3. Golongan Karbamazepin, misalnya karbamazepin. Selain mempunyai efek antikonvulsif obat ini juga memperbaiki kewaspadaan dan perasaan. Selain itu juga mempunyai efek analgesia selektif dan digunakan pada pengobatan tabes dorsalis dan neuropati lainnya. Obat ini digunakan untuk mengatasi semua bangkitan epilepsi kecuali epilepsi tipe petit mal dan digunakan secara luas di Amerika Serikat. Efek samping yang dapat terjadi adalah pusing, vertigo, ataksia, penglihatan kabur, mual, muntah dan gangguan darah.
4. Golongan Benzodiazepin, misalnya diazepam, klonazepam, nitrazepam. Selain untuk antikonvulsi obat ini uga dipakai sebagai antiansietas. Diazepam intravena merupakan obat terpilih untuk status epileptikus dan merupakan obat antikonvulsi yang paling banyak dipakai. Obat ini digunakan untuk kejang umum maupun fokal. Efek samping yang dapat terjadi adalah obstruksi saluran nafas oleh lidah akibat relaksasi otot, depresi nafas hingga apneu, hipotensi, henti jantung dan ngantuk. Klonazepam dan nitrazepam digunakan untuk epilepsi tipe mioklonik, akinetik dan spasme. Efek samping berupa ngantuk, ataksia dan gangguan kepribadian.
5. Golongan Asam Valproat. Mekanisme kerja asam valproat didasarkan meningkatnya kadar asam gama aminobutirat (GABA) di otak. Indikasi pemberian obat ini adalah epilepsi petit mal, mioklonik dan tonik-klonik. Efek samping yang terjadi adalah gangguan saluran cerna, berupa mual dan muntah susunan saraf pusat (ngantuk, ataksia, tremor), gangguan fungsi hati, ruam kulit dan alopesia.
6. Antiepilepsi lain misalnya fenasemid dan asetazolamid.

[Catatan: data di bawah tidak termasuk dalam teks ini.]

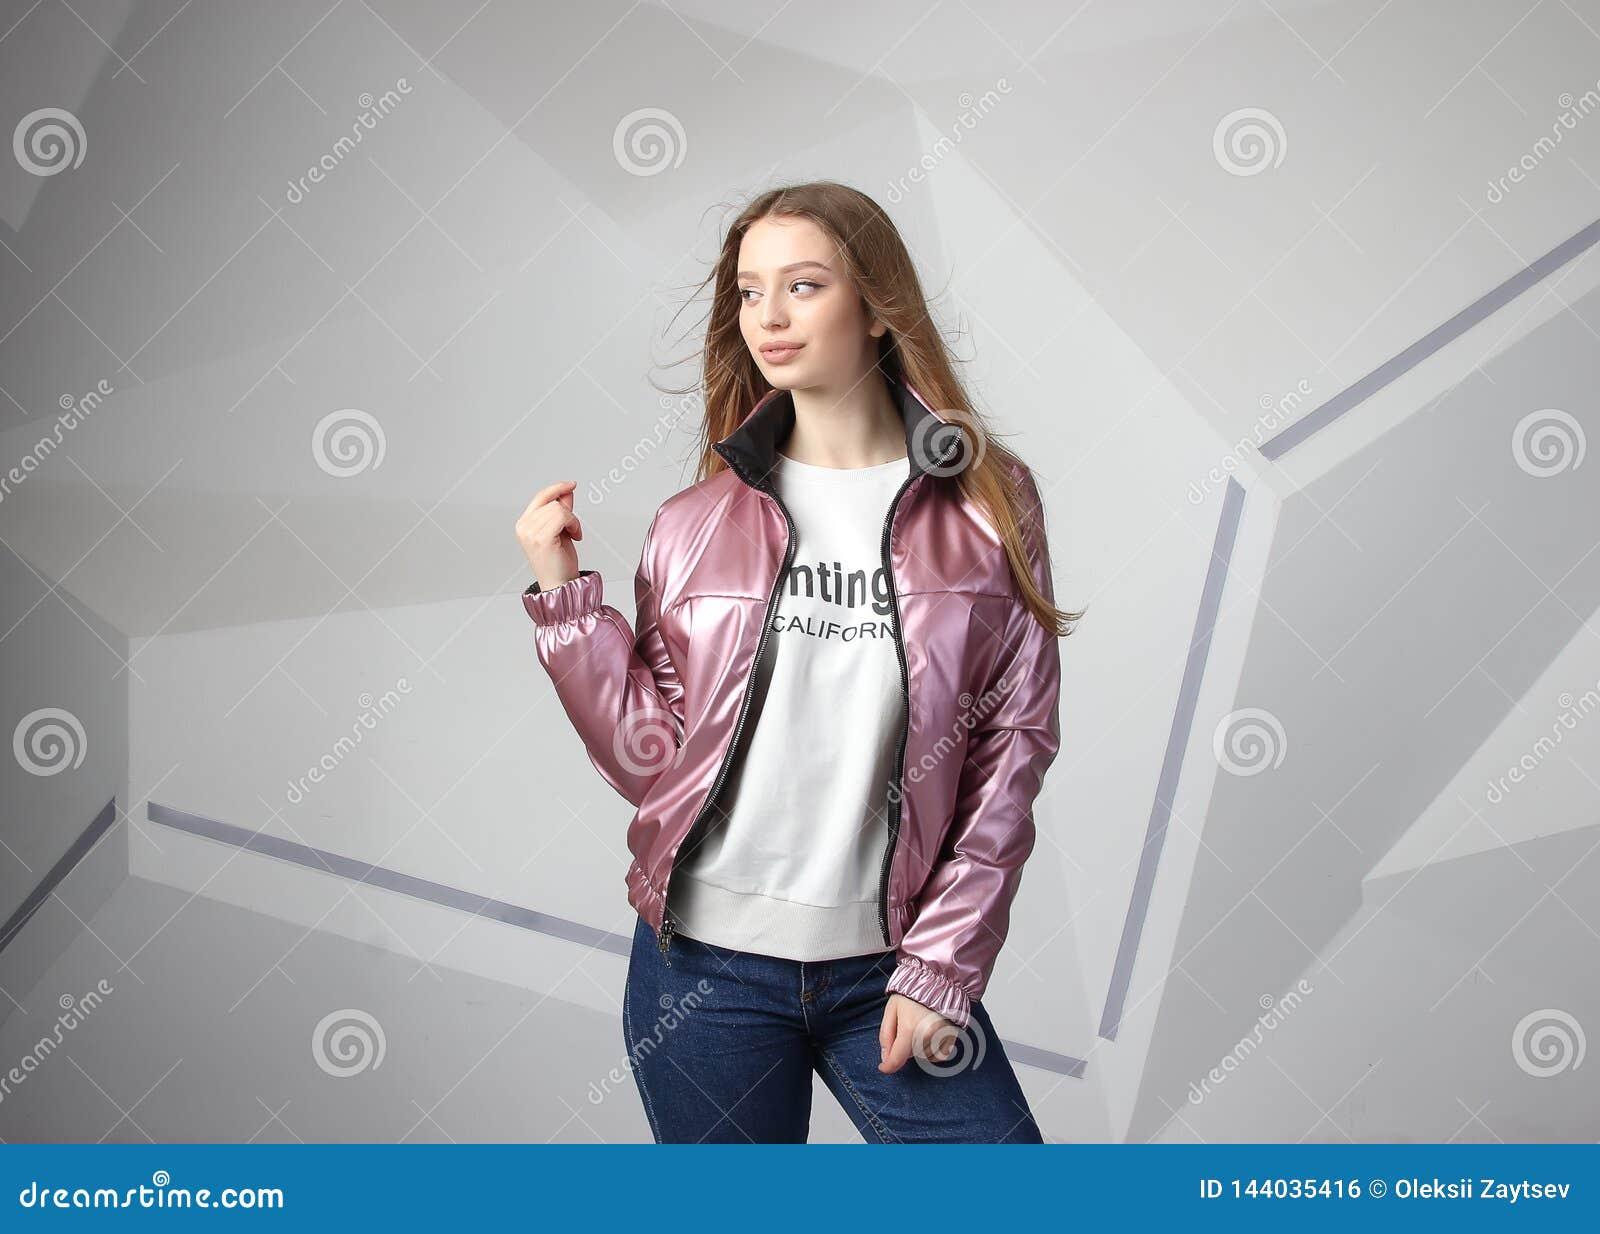 Młodej dziewczyny dziewczyna jest ubranym kurtkę z terenem dla twój logo w górę białej kobiety hoodie,

Prinsip pengobatan epilepsi adalah (1) melakukan pengobatan kausal (penyebab) misalnya pembedahan pada tumor serebri, (2) menghindari faktor pencetus suatu bangkitan, misalnya alkohol, emosi dan kelelahan fisik maupun mental, (3) penggunaan antikonvulsi. Kriteria obat epilepsi yang baik adalah (1) dapat menekan bangkitan, (2) memiliki batas keamanan yang lebar, (3) satu jenis obat yang dapat menekan semua jenis bangkitan dan bekerjalangsung pada fokus bangkitan, (4) diberikan peroral dan masa kerja panjang, tidak menimbulkan gejala putus obat, (5) harganya murah.